Adrenergic beta-1 receptor genetic variation predicts longitudinal rate of GFR decline in hypertensive nephrosclerosis

Abstract

Background. End-stage renal disease (ESRD) due to hypertension is common and displays familial aggregation in African Americans, suggesting genetic risk factors, including adrenergic activity alterations which are noted in both hypertension and ESRD.Methods.
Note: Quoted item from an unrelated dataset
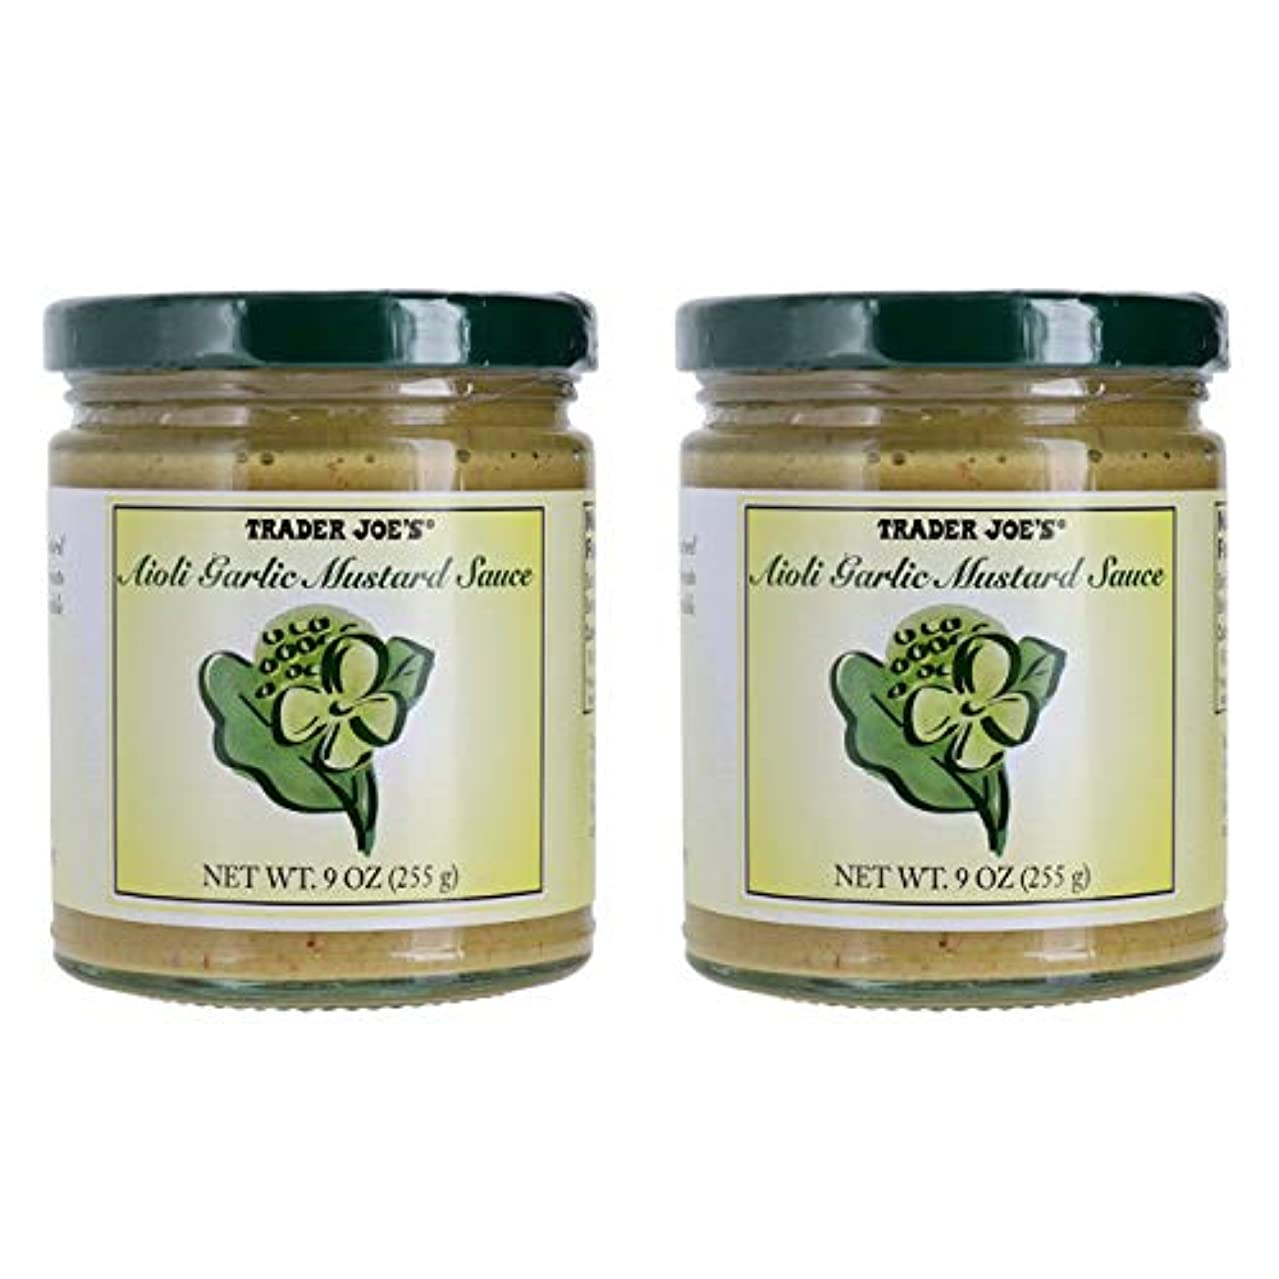 Trader Joe's Aioli Garlic Mustard Sauce Bundle (2 Pack)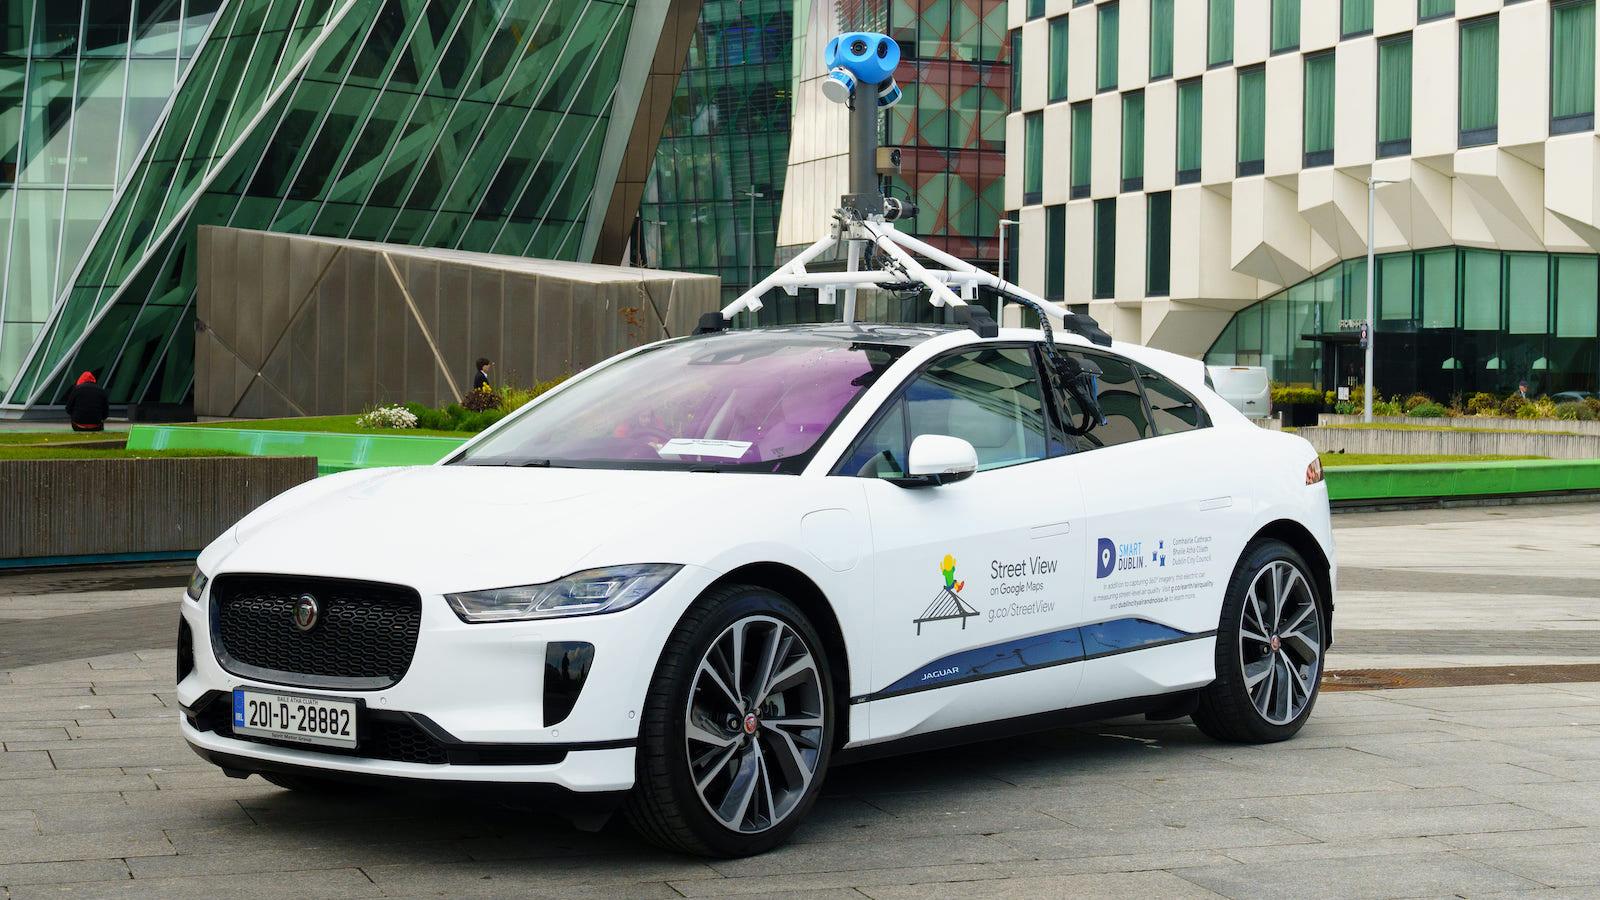 Jaguar 與 Google 合作 使用 I-PACE 監測都柏林空氣品質

We analysed 554 hypertensive nephrosclerosis participants (without clinically significant proteinuria) from the longitudinal National Institute of Diabetes and Digestive and Kidney Diseases (NIDDK) African American Study of Kidney Disease and Hypertension (AASK) cohort to determine whether decline in glomerular filtration rate (GFR) over ∼3.8 years was predicted by common genetic variation within the adrenergic beta-1 (ADRB1) receptor at non-synonymous positions Ser49Gly and Arg389Gly.Results. The polymorphism at Ser49Gly (though not Arg389Gly, in only partial linkage disequilibrium at r 2 = 0.18) predicted the chronic rate of GFR decline, with minimal decline in Gly49Gly49 (minor allele) homozygotes compared to Ser49 carriers; concordant results were observed for haplotypes and diploid haplotype pairs at the locus. An independent replication study in 1244 subjects from the San Diego Veterans Affairs Hypertension Cohort confirmed that Gly49Gly49 homozygotes displayed the least rapid decline of eGFR over ∼3.6 years.Conclusion. We conclude that GFR decline rate in hypertensive renal disease is controlled in part by genetic variation within the adrenergic pathway, particularly at ADRB1. The results suggest novel strategies to approach the role of the adrenergic system in the risk and treatment of progressive renal disease.